[Start of Attachment]
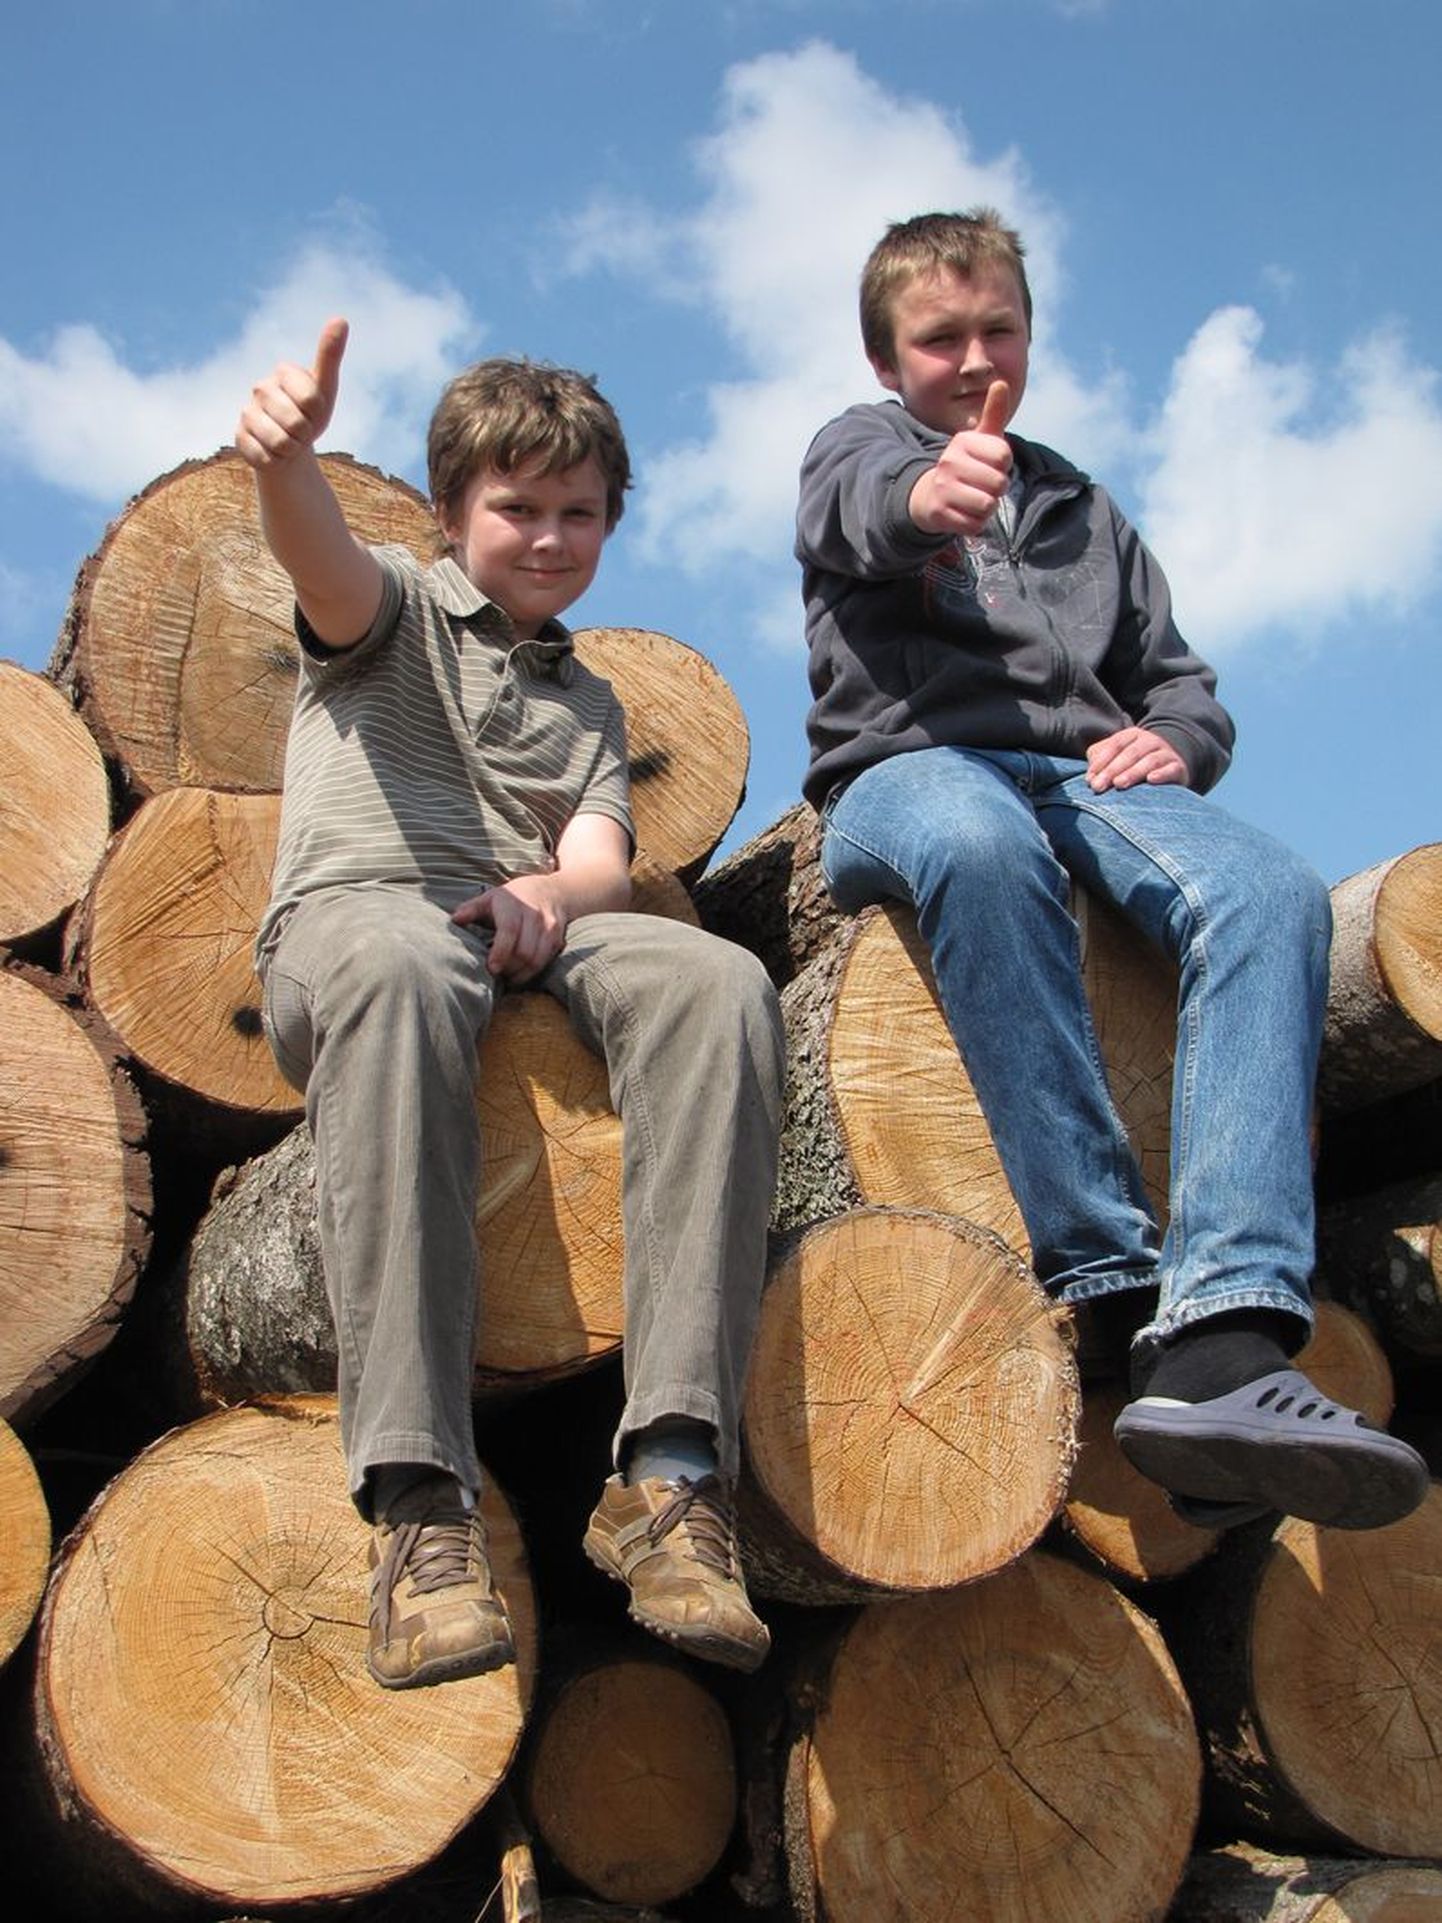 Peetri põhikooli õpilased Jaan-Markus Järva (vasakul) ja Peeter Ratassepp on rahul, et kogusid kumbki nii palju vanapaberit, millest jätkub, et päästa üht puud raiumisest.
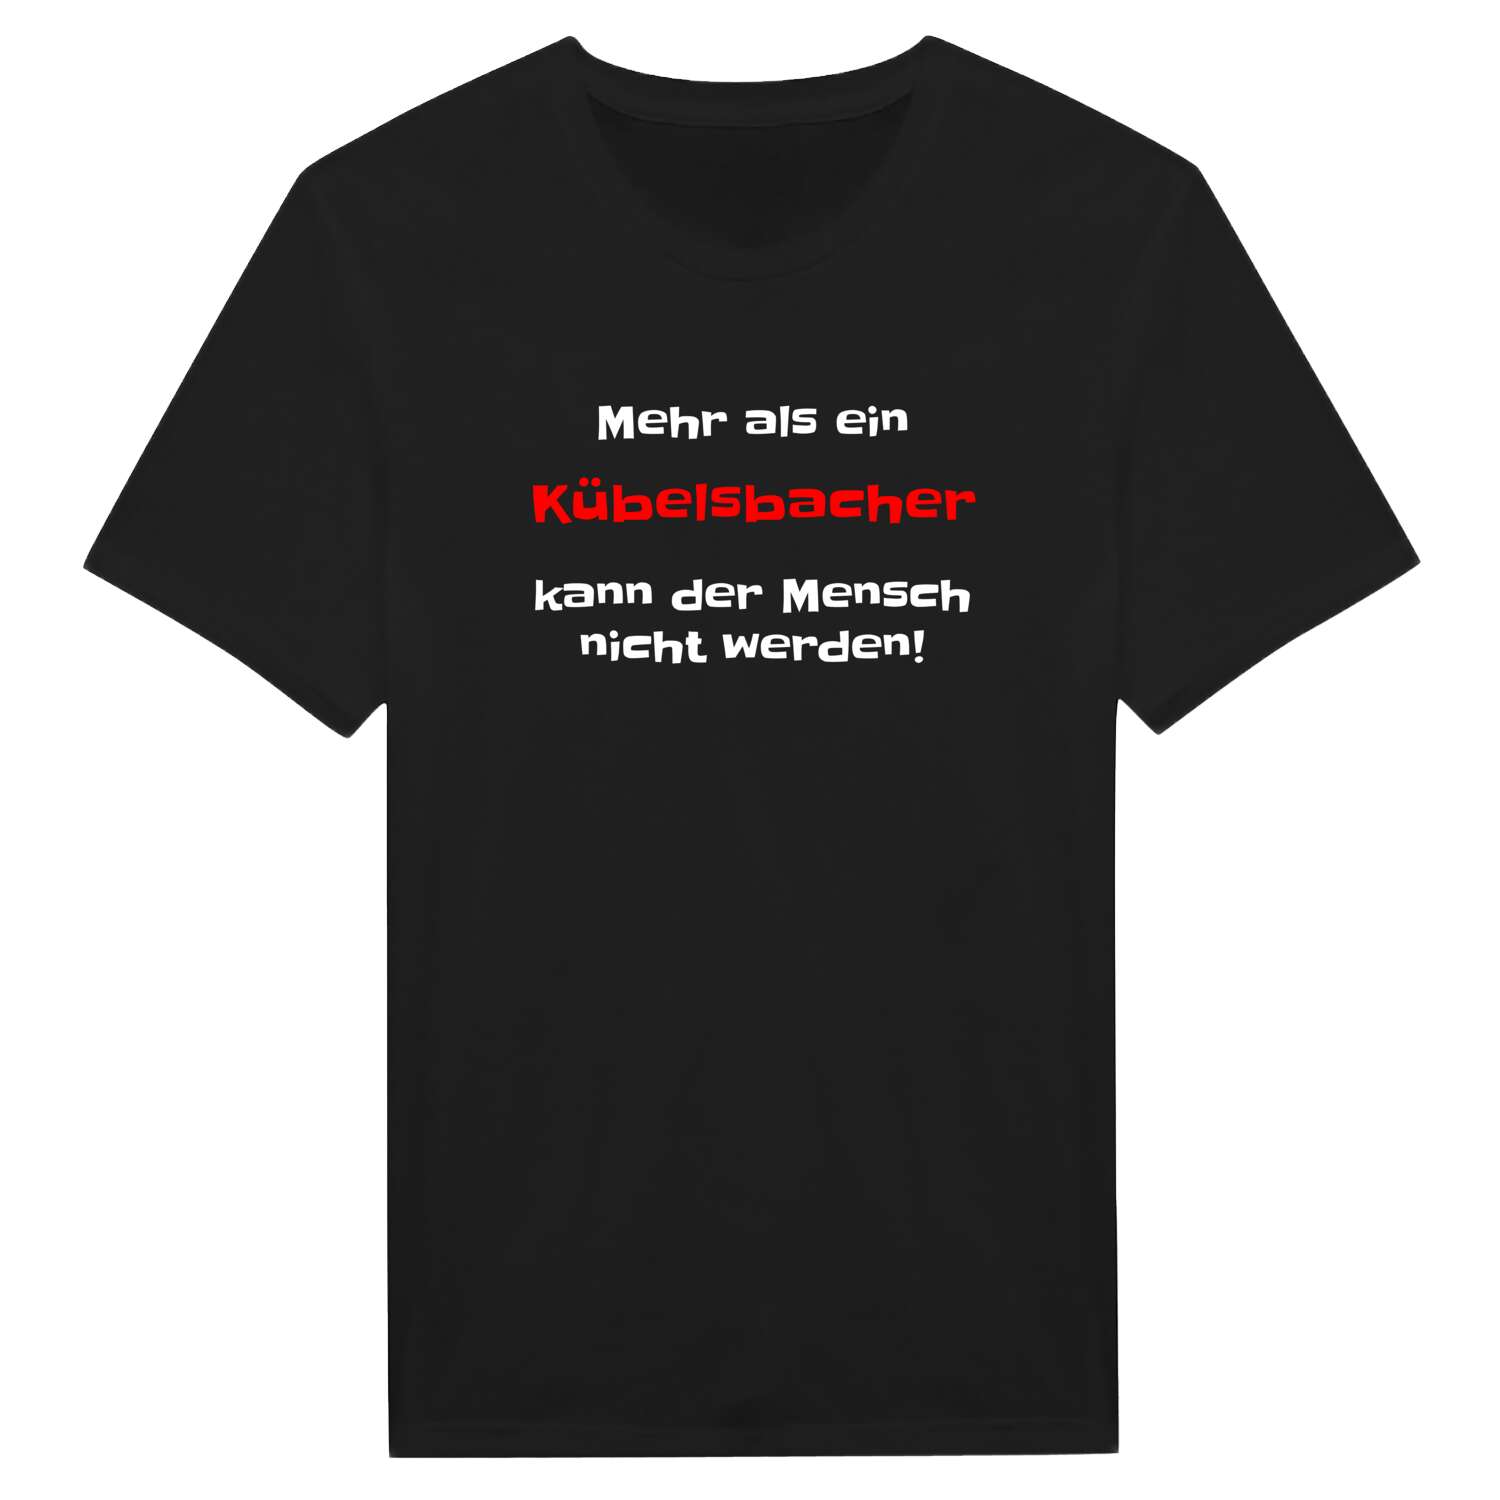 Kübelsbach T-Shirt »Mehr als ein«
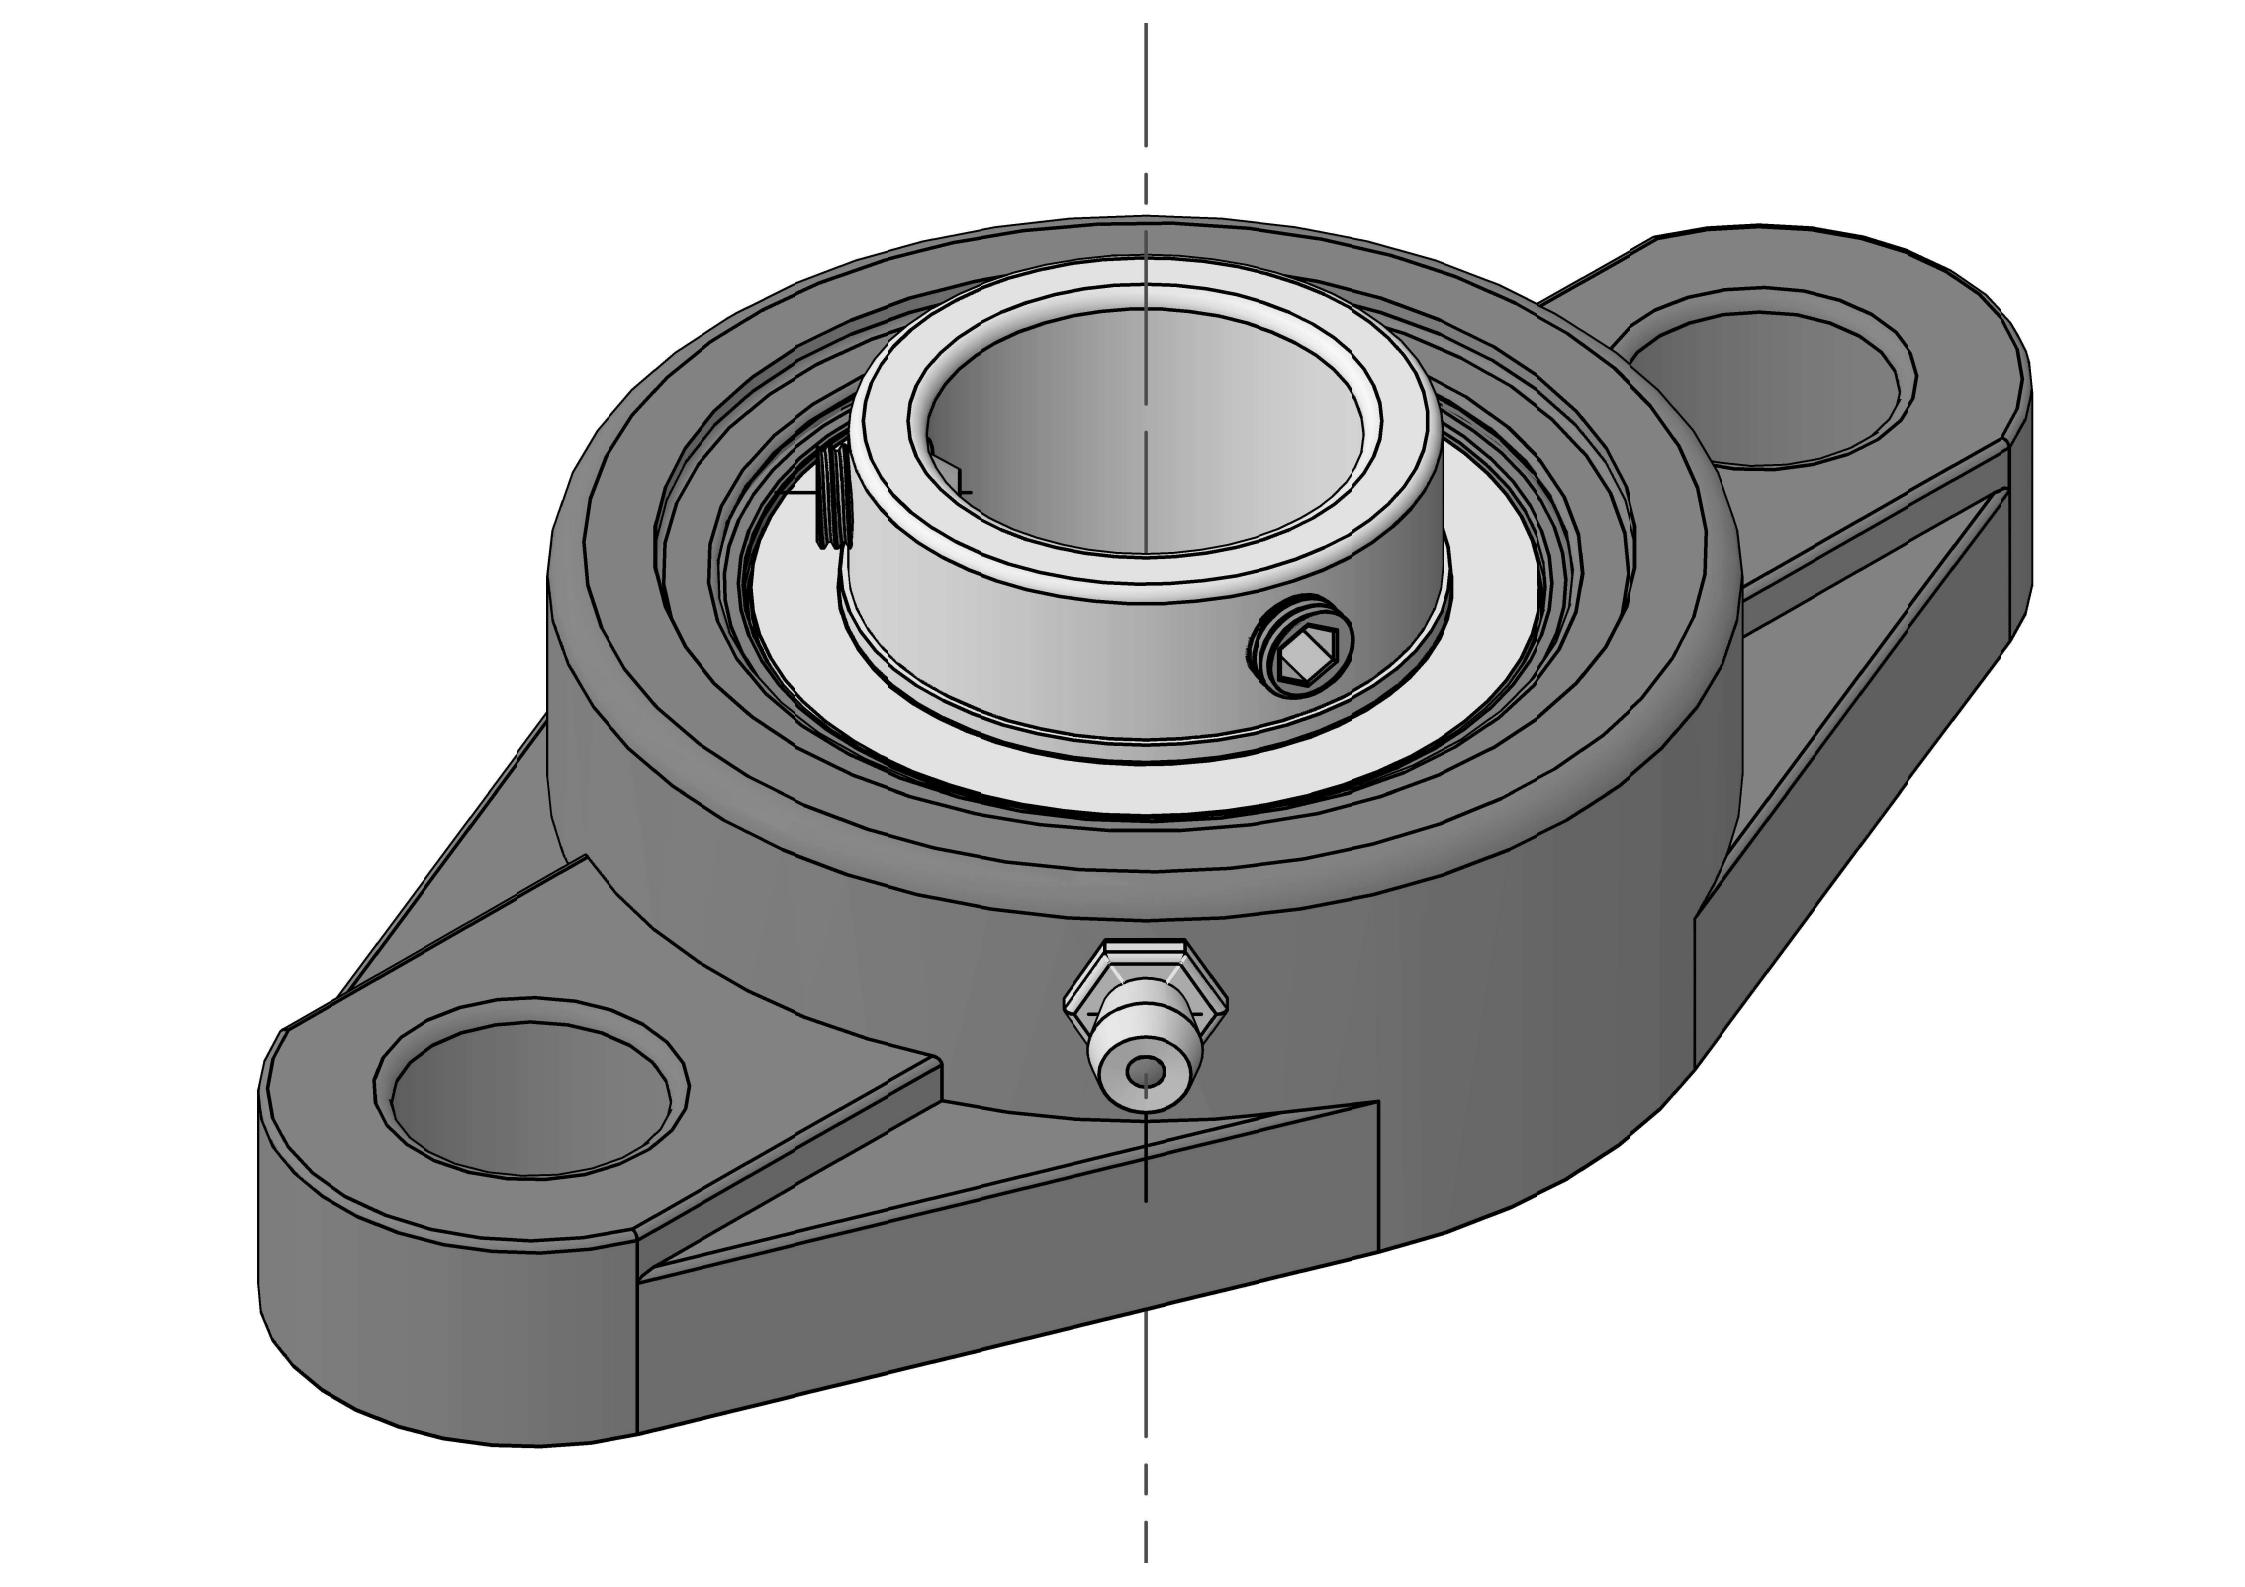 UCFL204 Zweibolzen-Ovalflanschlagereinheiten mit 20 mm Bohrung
[End of Attachment]
Work required: Pictures aside, repeat every line of the data above exactly.

Solution for this problem:
 Peetri põhikooli õpilased Jaan-Markus Järva (vasakul) ja Peeter Ratassepp on rahul, et kogusid kumbki nii palju vanapaberit, millest jätkub, et päästa üht puud raiumisest.
 Kübelsbach T-Shirt »Mehr als ein«
 UCFL204 Zweibolzen-Ovalflanschlagereinheiten mit 20 mm Bohrung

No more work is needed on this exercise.